INFORMATION PROVIDED -

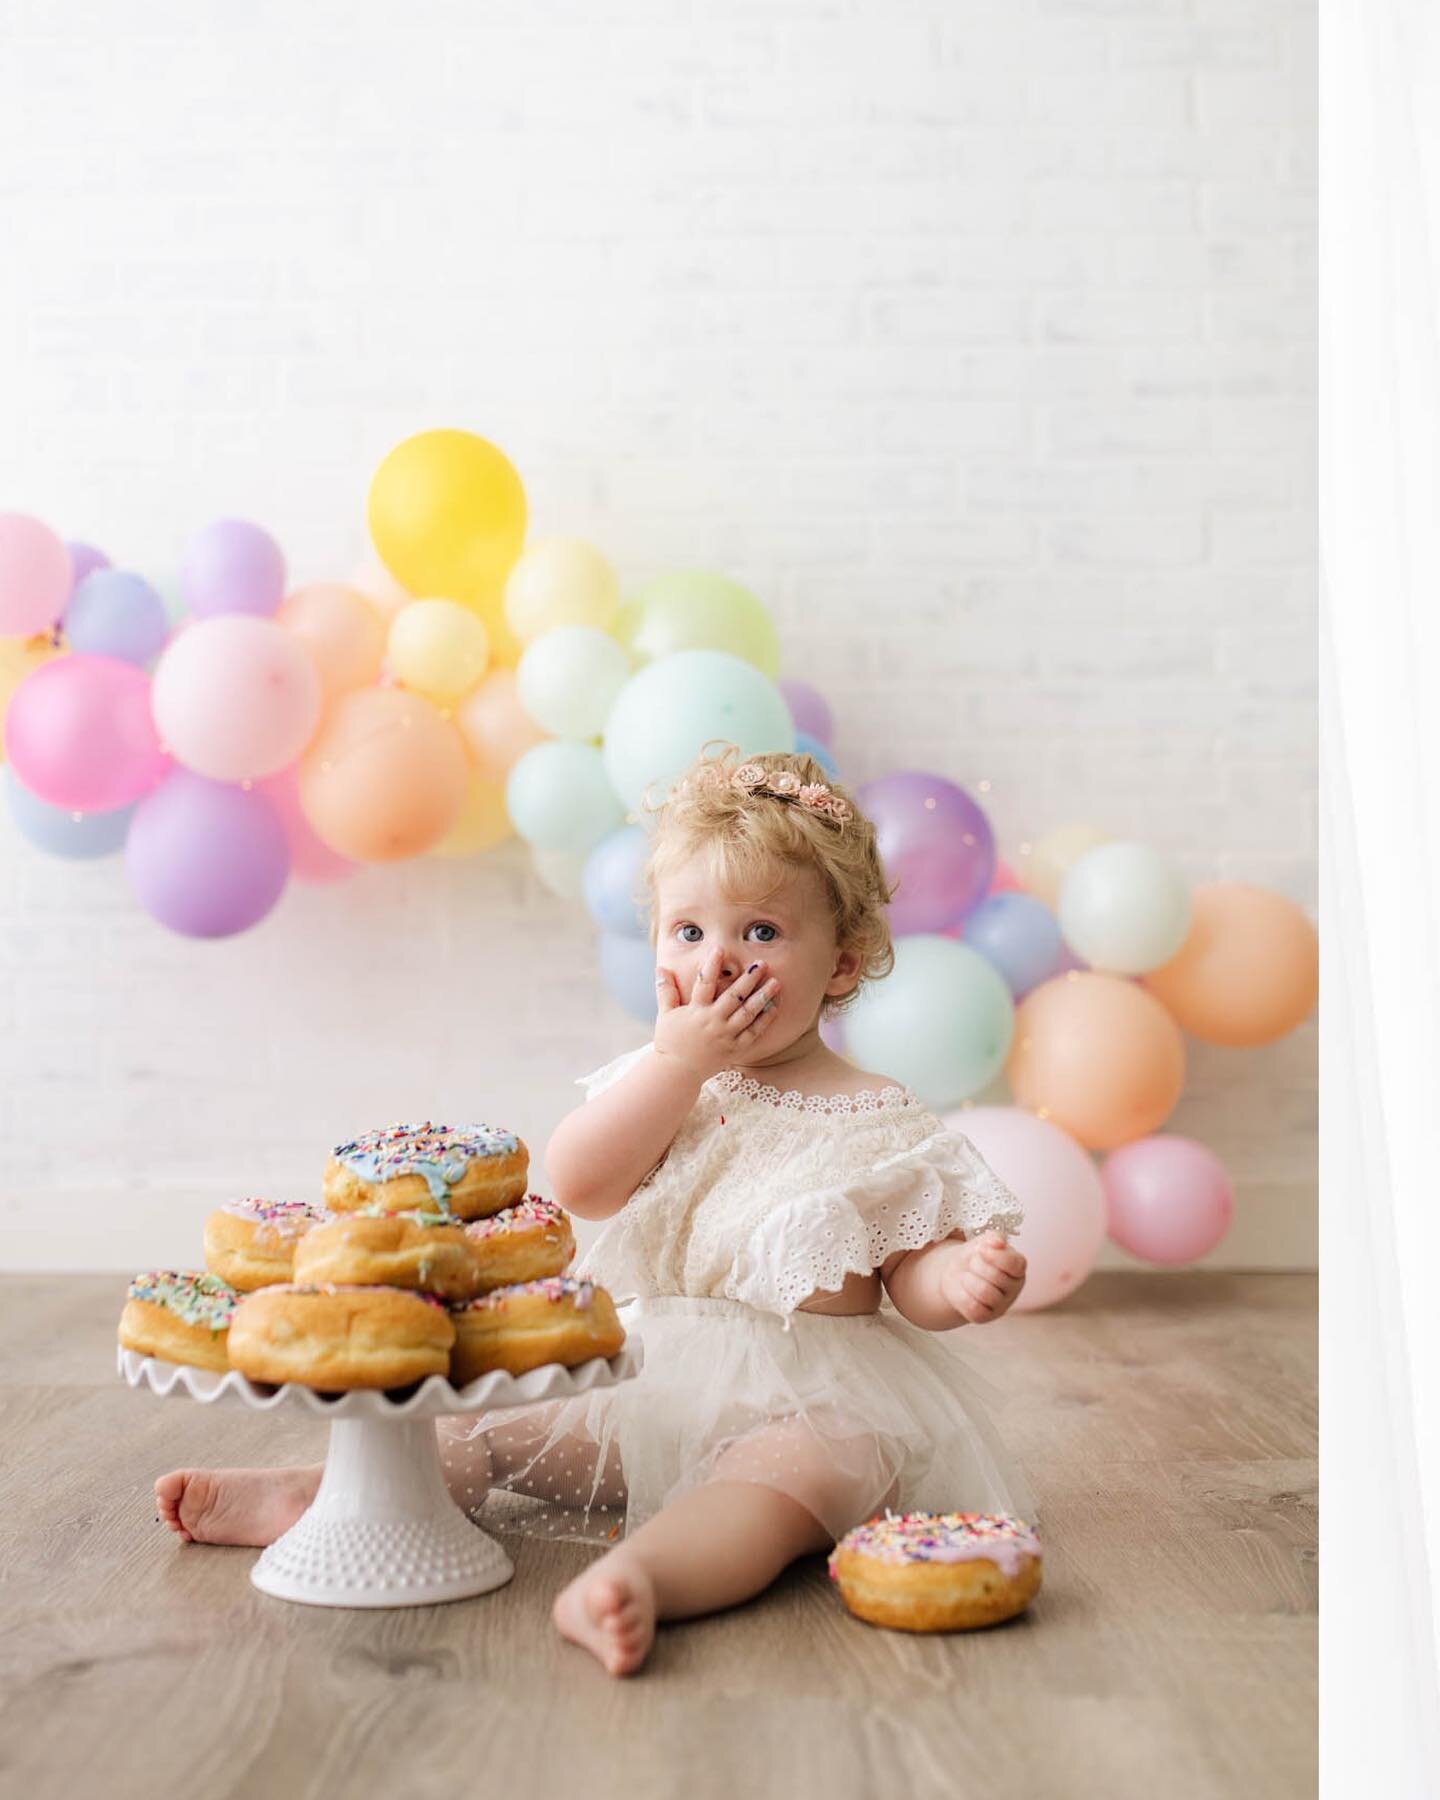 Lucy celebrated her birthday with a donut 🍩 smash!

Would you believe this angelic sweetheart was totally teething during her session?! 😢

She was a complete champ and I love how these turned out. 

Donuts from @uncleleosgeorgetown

YOUR GOAL - The listing above is to be set down word for word, without its images.

REPLY TO THE EXERCISE -
 Lucy celebrated her birthday with a donut 🍩 smash!

Would you believe this angelic sweetheart was totally teething during her session?! 😢

She was a complete champ and I love how these turned out. 

Donuts from @uncleleosgeorgetown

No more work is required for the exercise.